REQUIRED ACTION. Given the records below, would you repeat exactly the lines that begin at the one containing "Чоловіча футболка, біла" and end at the one containing "Das Buchcover zeigt", inclusive?
** Opening AVAILABLE DATA block **
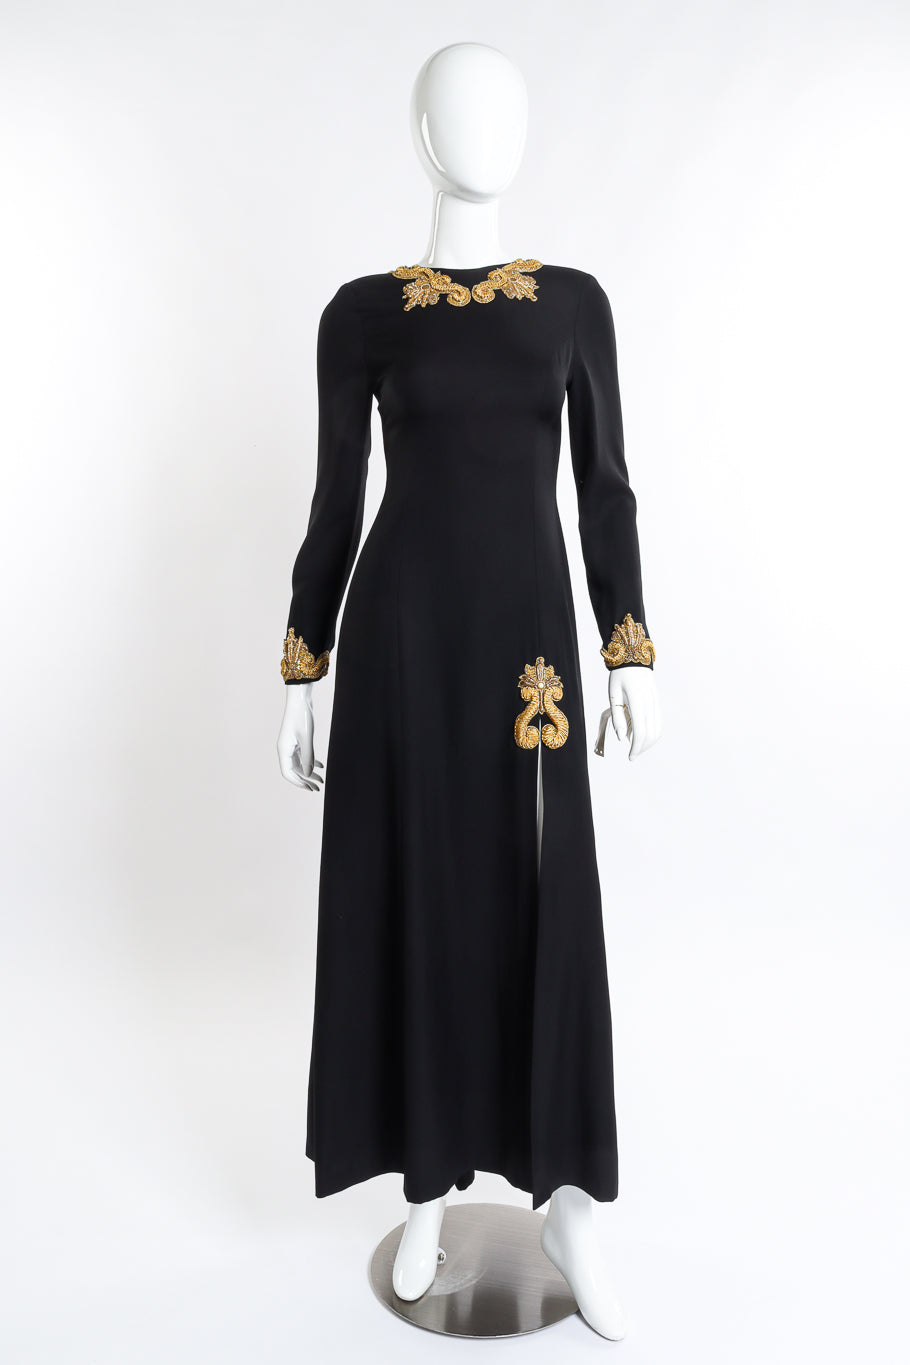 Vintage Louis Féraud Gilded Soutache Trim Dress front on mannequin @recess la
** Closing AVAILABLE DATA block **
** Opening AVAILABLE DATA block **
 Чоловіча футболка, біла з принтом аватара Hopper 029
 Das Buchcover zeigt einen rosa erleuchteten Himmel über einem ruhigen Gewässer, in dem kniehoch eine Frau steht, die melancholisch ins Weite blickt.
** Closing AVAILABLE DATA block **
** Opening AVAILABLE DATA block **
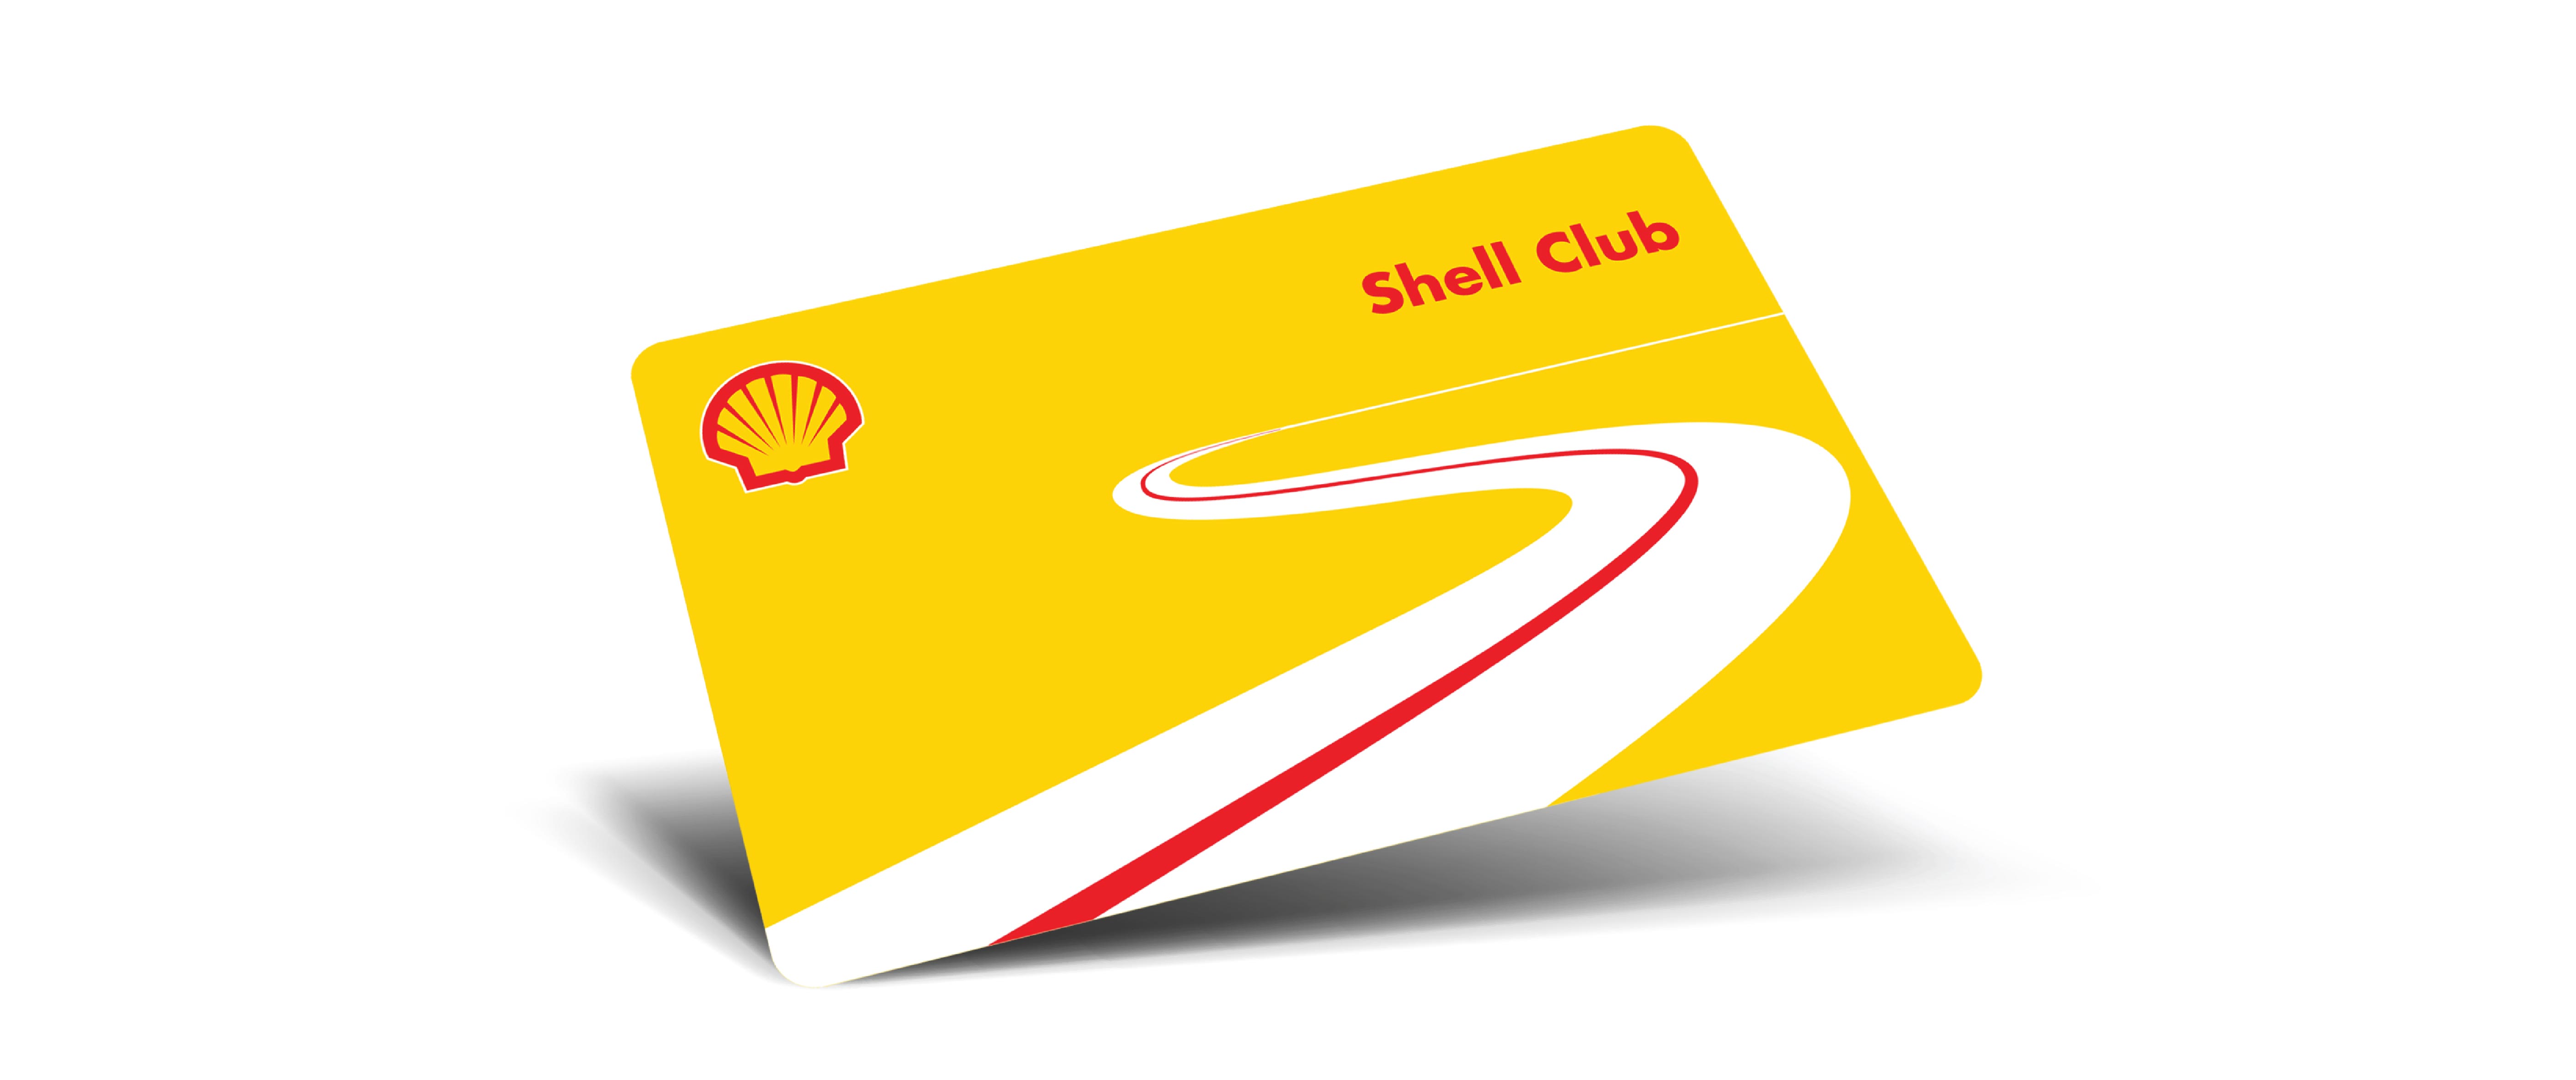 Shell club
** Closing AVAILABLE DATA block **
RESULT OF THE TASK.
 Чоловіча футболка, біла з принтом аватара Hopper 029
 Das Buchcover zeigt einen rosa erleuchteten Himmel über einem ruhigen Gewässer, in dem kniehoch eine Frau steht, die melancholisch ins Weite blickt.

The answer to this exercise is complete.